Гвендилена вспомнила лицо наставника и, не удержавшись, рассмеялась, обратив на себя озадаченный взгляд стражника у подножия лестницы, что вела в ее опочивальню.

С того момента, когда она попала в Килгерран, ее стали охранять далеко не так строго. Как только стало понятно, что у новой обитательницы графских покоев нет стремления сбежать, куда глаза глядят, на часах возле ее дверей появились другие стражники – с виду не такие старые и опытные, как ее дружок Арн, который давно уже перекочевал обратно в солдатские казармы. Караул они несли поодиночке.

Того, который стоял сейчас, Гвендилена видела уже не единожды, причем каждый раз у нее появлялось забавное чувство, что однообразие такой службы ему совсем не в тягость. Звали его Бертран де Во: парнишка примерно одного с ней возраста, даже помладше, отчаянно красневший каждый раз, когда замечал брошенный на него взгляд. Он упрямо именовал Гвендилену «госпожой» и с великой преданностью бросался выполнять ее маленькие просьбы, когда Миа и Линны не было рядом.

– Привет, Бертран, – весело сказала она.

– Доброго дня, госпожа, – ответил он, по обыкновению залившись пунцовой краской.

Она едва снова не расхохоталась, припомнив, как несколько дней тому назад после короткого стука он вошел в опочивальню с повелением немедленно явиться к его Светлости графу Тэлфрину. Гвендилена в тот момент сидела на кровати, зевая и потягиваясь. При виде «госпожи», едва прикрытой тонким одеялом, глаза Бертрана вытаращились, а слова застряли в глотке.

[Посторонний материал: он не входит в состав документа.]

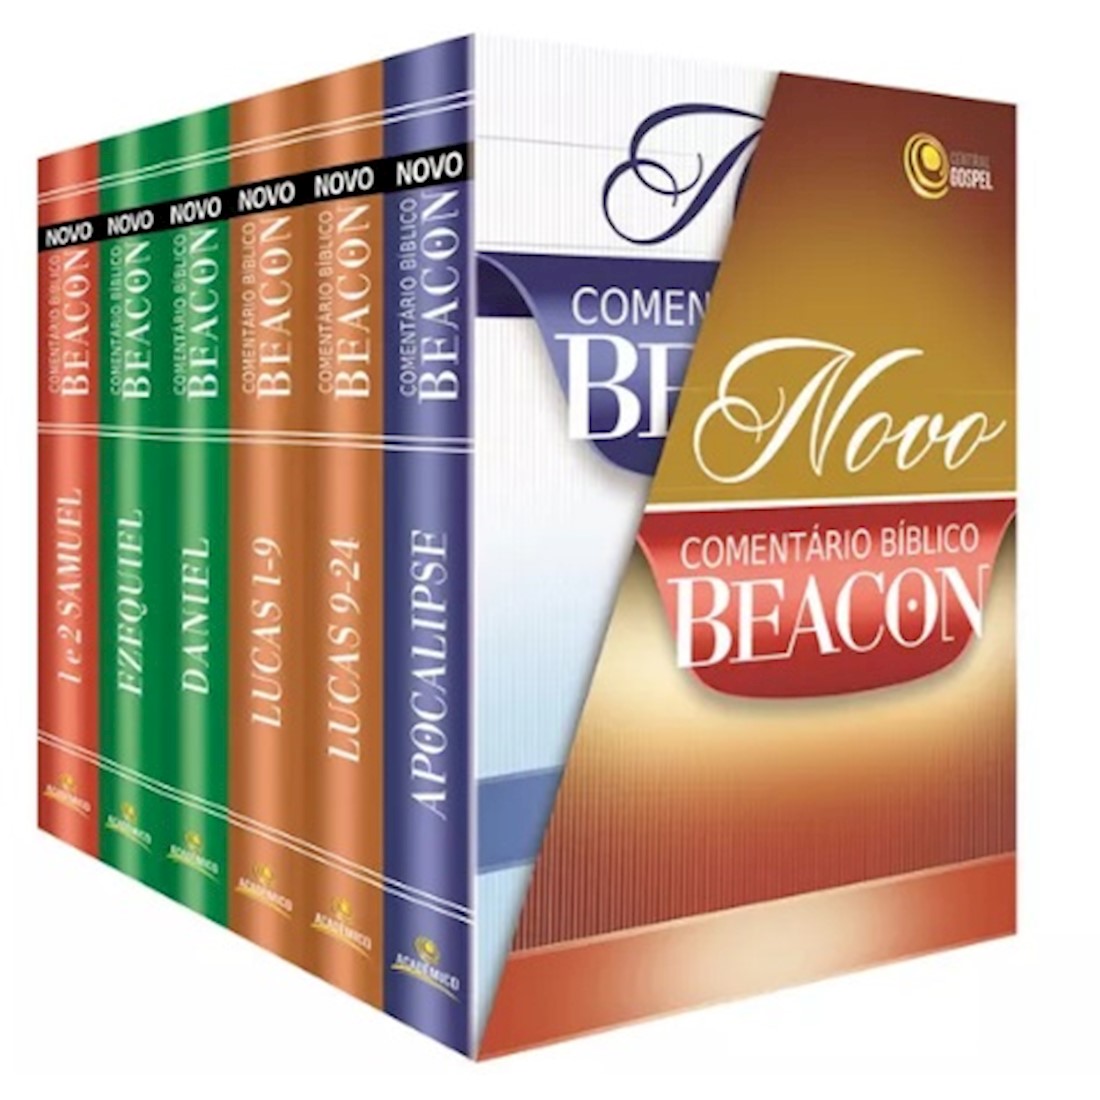 Novo Comentário Bíblico Beacon 6 Volumes

Взгляд он тут же отвел, склонившись в поклоне, и весь день после этого вел себя так, будто ожидал страшного возмездия за наглое лицезрение столь божественной красоты.

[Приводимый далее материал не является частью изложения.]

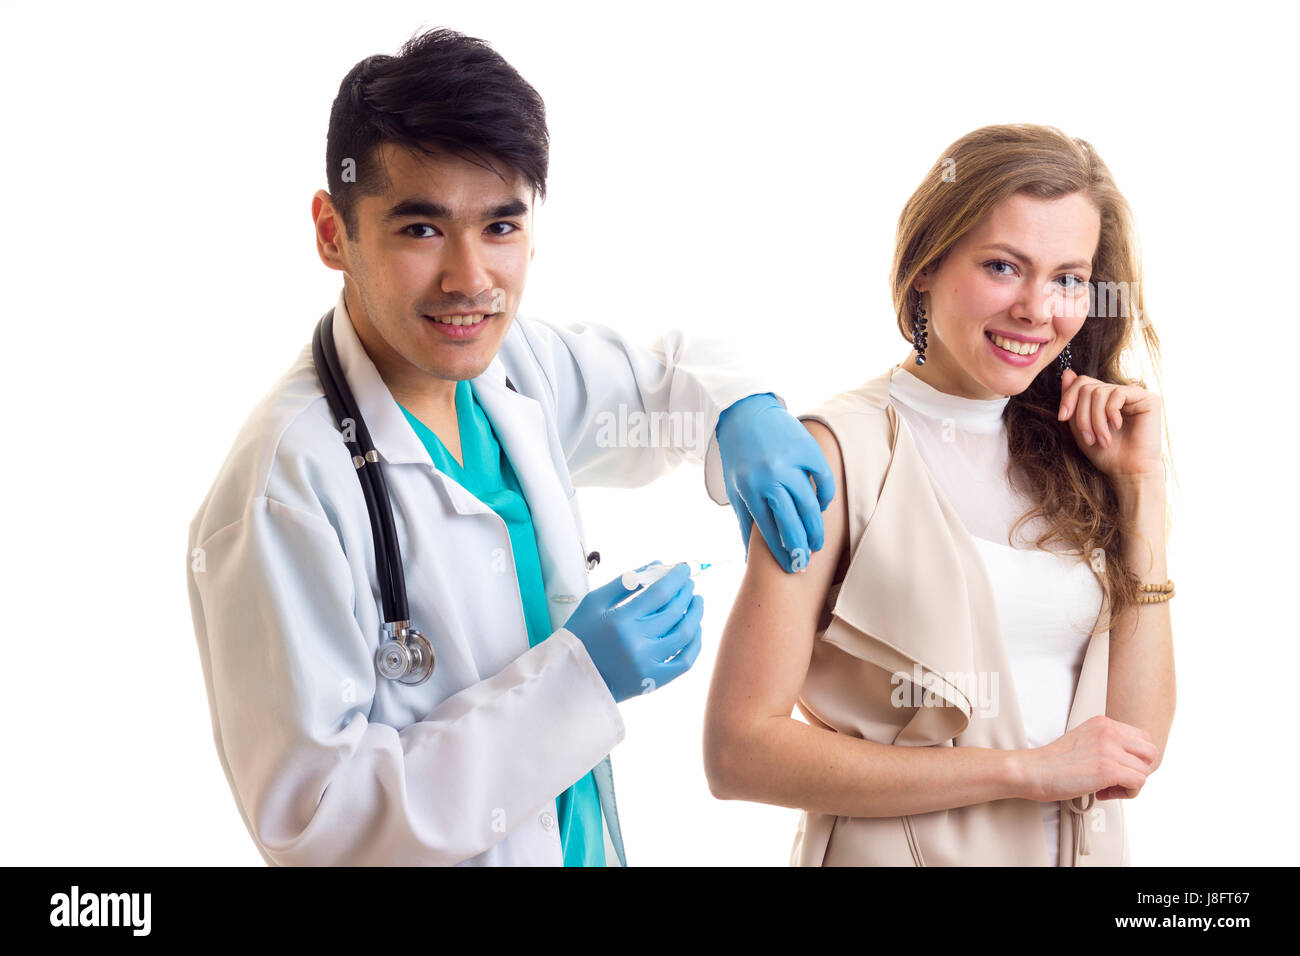 Junge Smartlooking Arzt mit dunklem Haar im weißen Kleid mit Stethoskop und blaue Handschuhe machen eine Injektion von junge lächelnde Frau mit langen braunen hai Stockfoto

А в случае, если бы Гвен нажаловалась – это она уже знала – его могли бы наказать куда суровее, чем заслуживал такой ничтожный проступок.

Нравы в Нордмонте действительно были заметно строже, чем в южных землях. Все женщины здесь, как и говорила матушка Айне, носили нижние рубахи, а в Килгерране принимали ванны отдельно от мужчин. Для солдатских утех имелся отдельно стоящий бордель; связи со свободными женщинами хотя и не считались предосудительными, но и не выставлялись напоказ, а одним из самых страшных преступлений считалось посягательство на девичью честь.

Законы на этот счет действовали старые, принятые еще во времена Первого королевства, но граф Тэлфрин, как и все его предки, даже и не помышлял об их изменении или отмене.

– Статуты корнов изначальны и по природе своей богодухновенны, – поучал старый Орнворт, – они лишь записаны людьми, но не сочинены ими. Говорят, что свитки с записями нашел сам Гутрум Длинноногий, первый властитель Нордмонта, в одной из пещер под священным Гленкиддирахом. Гнев богов настигнет всякого, кто посмеет пренебречь установленными правилами…

Под монотонное ботрмотание наставника Гвендилена, водя пальцем по строчкам, до боли в глазах вчитывалась в старинные манускрипты. Читала она пока медленно, но Орнворт почему-то решил, что его ученица должна знать содержание этих толстенных фолиантов назубок.

«И ежели кто схватит за палец свободную женщину без ее согласия и будет в этом уличен, должен уплатить золотой керн и поступить в услужение к ее семье на месяц и один день, а если схватит ее за локоть, должен быть лишен той самой руки, коей совершил оскорбление, а ежели лишит женщину чести без ее на то согласия, должен быть утоплен с камнями в болоте, а движимое его имущество отходит к ее семье…»

– О, матерь Боанн, у вас тут на Севере, похоже, вообще за девушками ухаживать опасно, – выдохнула Гвендилена, вызвав на себя очередной поток сварливых нравоучений.

Тем не менее, судя по рассказам Миа, столь суровые порядки распространялись в большей степени на господский замок и крупные селения, которыми управляли графские сотрапезники, а в прочих местах законы блюли не столь буквально, оставляя решение на откуп местным старейшинам и Советам женщин.

– Ежели всем руки рубить, так скоро ни одного жениха целого не останется, – пожимая плечами, рассуждала Миа, старательно изображая из себя умудренную годами знахарку. Гвендилену это обстоятельство изрядно забавляло. – А как иначе-то? Суженого себе непросто найти. Ведь надобно ж, чтобы не только душа в душу, но и телесно друг другу подходили. В здешних краях, хотя до свадьбы вместе и не живут, не принято это, праздники совместные все равно устраивают. У знатных вроде вас, конечно, все по-другому, и направо-налево благородные не гуляют.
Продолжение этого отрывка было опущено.